Ulrich Wickert

Artikel von mir

„Wir sind erwachsen geworden“

10.09.2011, Die Welt

Altbundeskanzler Gerhard Schröder im Gespräch mit Ulrich Wickert über den 11. September und die „uneingeschränkte Solidarität“ zu Amerika

Ulrich Wickert: In Ihrem Buch „Entscheidungen. Mein Leben in der Politik“ beschreiben Sie keinen Moment so präzise wie den Ablauf des 11. September 2001. Sind Ihnen diese Stunden auch heute noch nah?
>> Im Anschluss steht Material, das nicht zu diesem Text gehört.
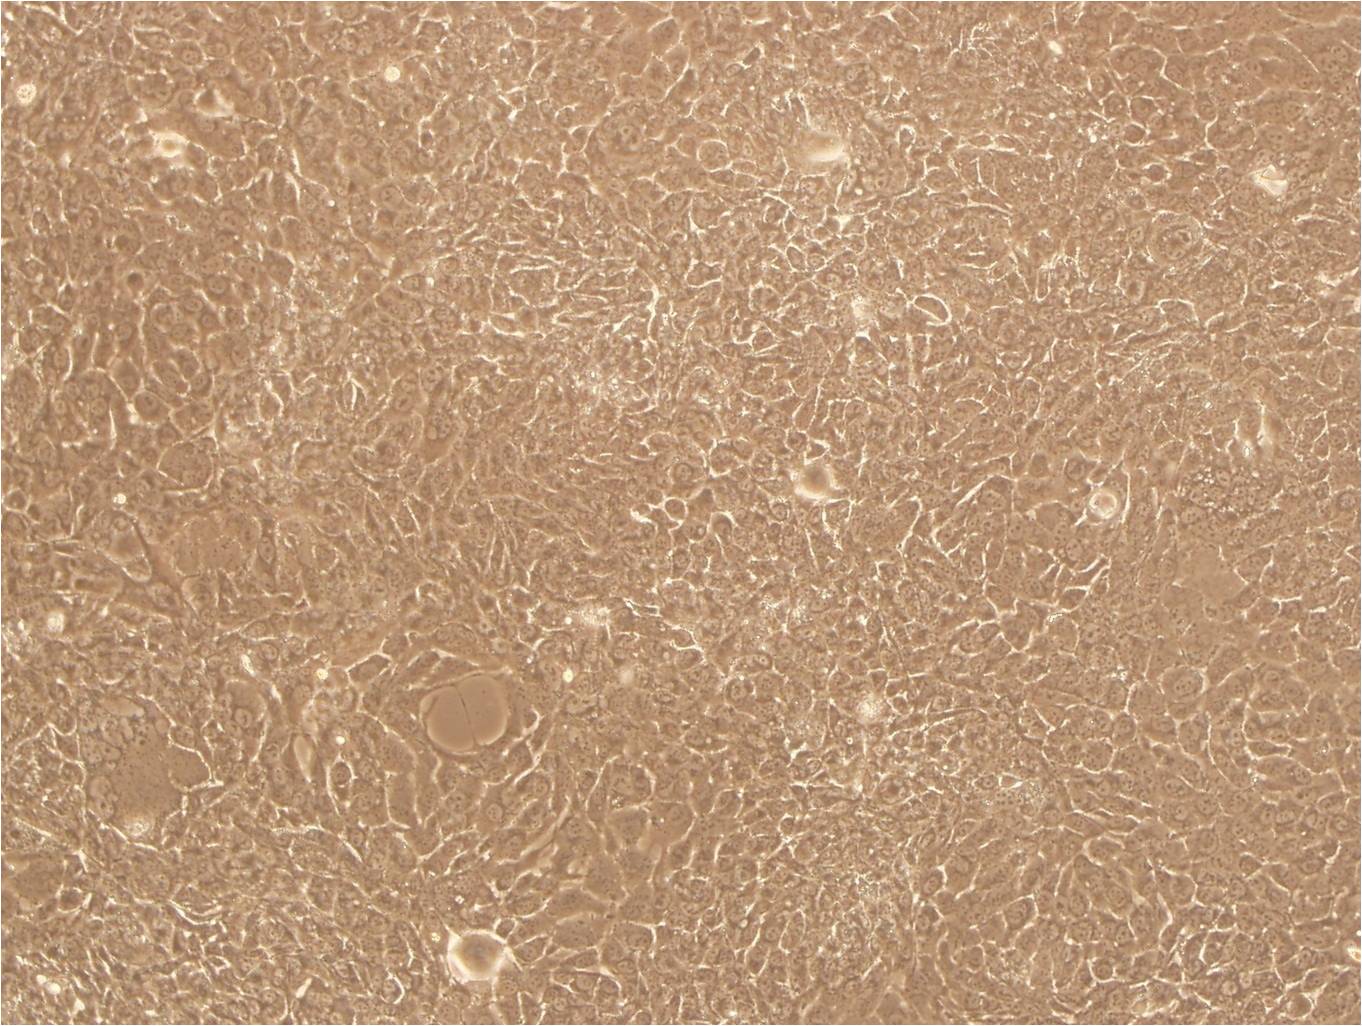 DU4475:人乳腺上皮复苏细胞(提供STR鉴定图谱),DU4475

Gerhard Schröder: Die sind mir noch bewusst, sicher auch emotional nah. Natürlich war das einer der Momente in meiner Laufbahn, die wirklich Veränderungen mit sich gebracht haben und an die ich mich deswegen genau erinnere.

Ulrich Wickert: Das war zunächst ein normaler Dienstag, „business as usual“, wie Sie schreiben. In der Woche standen die Haushaltsberatungen im Bundestag an, und Sie arbeiteten an der Rede.

Gerhard Schröder: Zuvor hatte Eichel den Haushalt eingebracht. Da muss man als Bundeskanzler Präsenz zeigen. Dann war der damalige ungarische Ministerpräsident da, er war damals noch etwas moderater und demokratischer, als das leider heute der Fall ist. Also, in der Tat business as usual. Und dann kam’s.

Ulrich Wickert: Da war es wieviel Uhr bei Ihnen?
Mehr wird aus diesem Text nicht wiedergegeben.